Tying Dragons: Legends of the Nine Realms into an Existing Sound World
A name that people are aware of is one they’ll have a certain attachment to, according to Whiter. In the case of DreamWorks’ popular film series, he said that’s as much of an attachment to the “sound world” as it is the dragons themselves. Whiter said it’s especially daunting to follow the work of How to Train Your Dragon‘s composer John Powell.
“Being part of any musical canon, you have to be aware of what has gone before and ensure you respect that and understand why that canon was appraised. Then make sure you’re contributing to it.”
It’s “a real pleasure to be able to have that opportunity,” Whiter said, especially when the source material offers so much to work with. Whiter tries tracing elements that people associate and love about the style of the original music so that he can “bring those nuances into this new sound world.” That musical canon also includes Dragons: The Nine Realms, which builds upon Powell’s work in its own unique way.
AHEARTFUL OF GAMES’ DreamWorks Dragons: Legends of the Nine Realms stands out in this regard, according to Whiter. It ties in with the ongoing streaming series, and Outright Games even released a recording of the game’s main theme being performed by Whiter and the Fames Orchestra to celebrate the November 17 launch of The Nine Realms Season 4 on Peacock and Hulu. Yet Legends is “not set necessarily at the same time,” meaning the composer had to be aware of how this project related to the series’ world.
The ‘Irreplaceability’ of Live Musical Performances
One major aspect of Whiter’s composition on Legends of the Nine Realms was bringing in a variety of woodwinds and Celtic flutes to capture the Viking-inspired world of How to Train Your Dragon. “I always had it in the back of my mind.” His long-time experience as a flutist let him bring his understanding of that soundscape into the project – though Whiter doesn’t necessarily write himself roles in a composition unless he feels it will fit into the work. Often this might be if it needs something he’s handy with late into development, sometimes as a solo part to lay overtop.
“Especially composing these days, you tend to find sometimes you’re multifaceted.
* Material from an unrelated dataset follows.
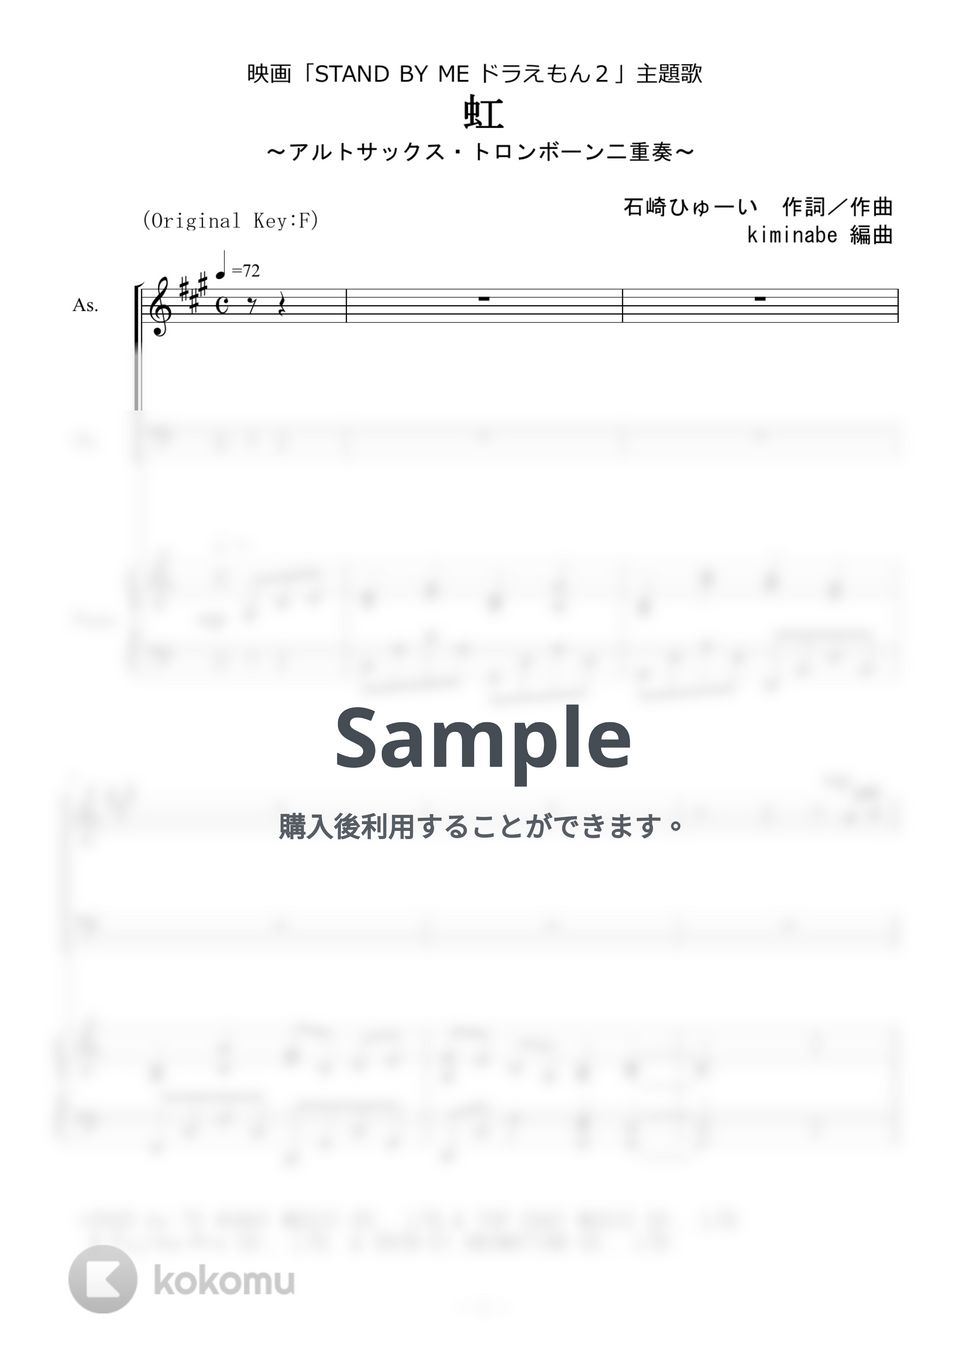 菅田将暉 - 虹 (アルトサックス・トロンボーン二重奏) by kiminabe

You’re not only the composer, there are often many roles you take on. If you have a certain skill set that suits certain projects, there’s no reason not to utilize that.”
Though not every project needs live music, and Whiter said assets like sound libraries can be “useful and powerful” tools, he feels the opportunity to work with musicians is “irreplaceable.” He always aims to work with live musicians when he can, be it in orchestras or layering individual recordings to an existing sound. “It can make the difference between music sounding alive and feeling not quite as alive as it could be.”
Working with an orchestra on Legends of the Nine Realms was one of the great pleasures of the project for Whiter. “Huge thanks go to Outright Games and AHEARTFUL OF GAMES. As a sound world, it’s great to be involved in some way.” While he can’t speak much to the marketing side of the industry, he knows how much audio can bring to both gameplay and narrative immersion, and appreciates how “Universal and the other cogs involved with Dragons” were open to highlighting the hard work of talented musicians and audio teams.
DreamWorks Dragons: Legends of the Nine Realms is available now on PC, PS4, PS5, Switch, Xbox One, and Xbox Series X/S.